I grew up in a very liberal, only moderately christian faith (quakers, although my community was of the very liberal branch so not entirely representative.) I frankly consider myself pretty areligious, though raised in a judeo-christian culture. But really? I'm not well educated in it. My dad the athiest has a better education (the episcopalians threw him out!)

But I am thankful for I was lucky enough to attend quaker meetings,assorted protestant services, catholic masses and jewish temple (what is that service called) in my growing-up years. I might not feel at home in any of them, but it helps me to understand.

And hey, I've heard the muslim call to prayer too. Beautiful thing, that. Though it makes my cat kinda weird.


Lee - Oct 12, 2006 5:31:17 pm PDT #3454 of 10001
The feeling you get when your brain finally lets your heart get in its pants.

Nilly! I'm sorry about your all nighter, which sucks, but glad to see you here.

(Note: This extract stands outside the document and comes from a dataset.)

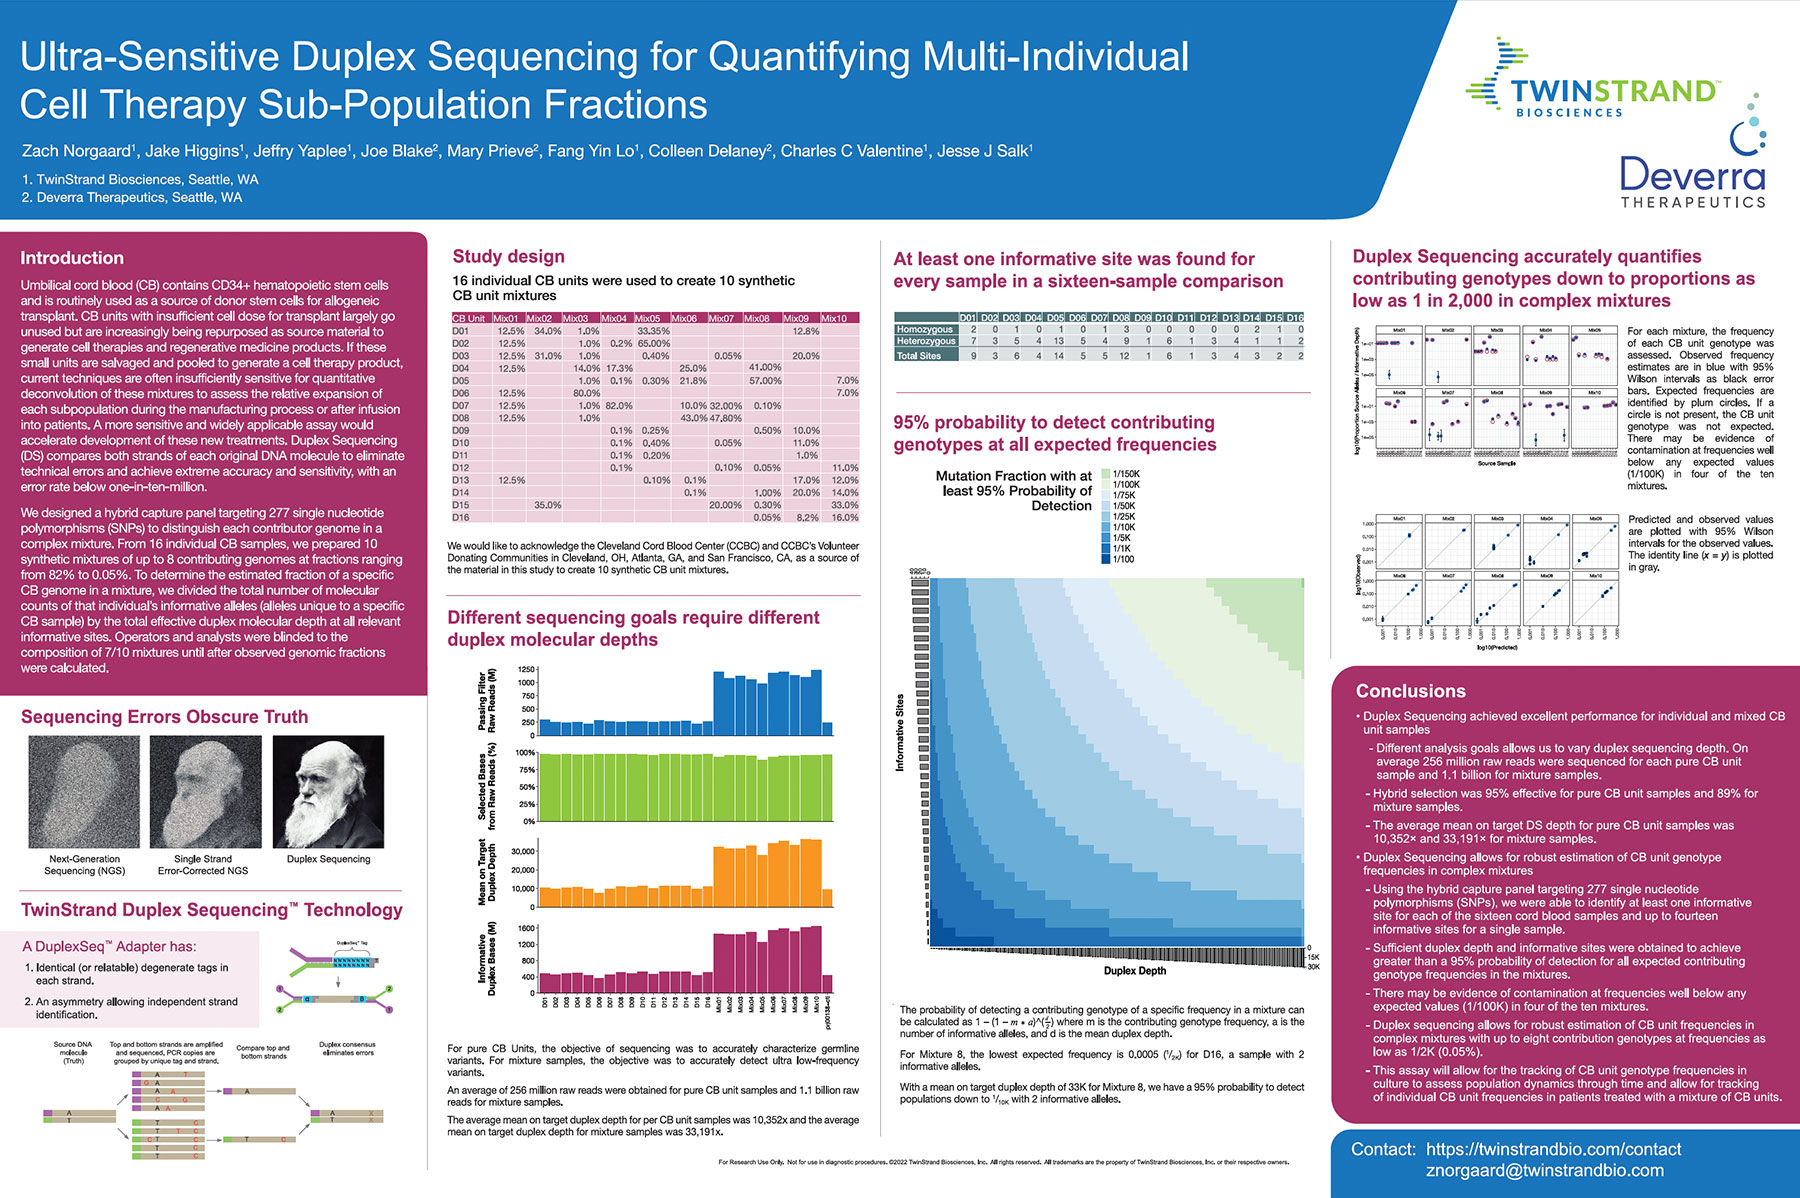 Ultra-Sensitive Duplex Sequencing for Quantifying Multi-Individual Cell Therapy Sub-Population Fractions

brenda m - Oct 12, 2006 5:33:07 pm PDT #3455 of 10001
If you're going through hell/keep on going/don't slow down/keep your fear from showing/you might be gone/'fore the devil even knows you're there

Skipping to say Yay

I don't like washing pots. Scrubbing grease and baked on stuff--yuck.

Reason #1 to have a dog. Evolution has built her to clean nasty pots and she has a blast doing it. Then I give a scrubby-dub with the Dawn and its done.

Totally.


Nilly - Oct 12, 2006 5:39:15 pm PDT #3456 of 10001
Swouncing

sara, could we have this conversation again, soon, on a time in which I could actually participate, instead of wishing my fingers to figure out what my brain probably thinkgs but is too involved in explaining to me about the whole sleep thing to bothe phrasing? It's really interesting, and I don't want to waste it on comments like 'yeah" and "oh", you know?

Lee! I may cave in and go to sleep. If I still have a hard time figuring out the order of the ABC (I'm arranging a few dozens of references right now, and at first I typed ABS, which I think means I really indeed can't tell the letters of the ABC apart, doesn't it?). But I'm here on time to wish you a great vacation, at least, right?

[Edit: hey, the digits in my post # are in order, unlike, well, pretty much anything else, if you ask my brain. Silly brain, listen to the numbers!]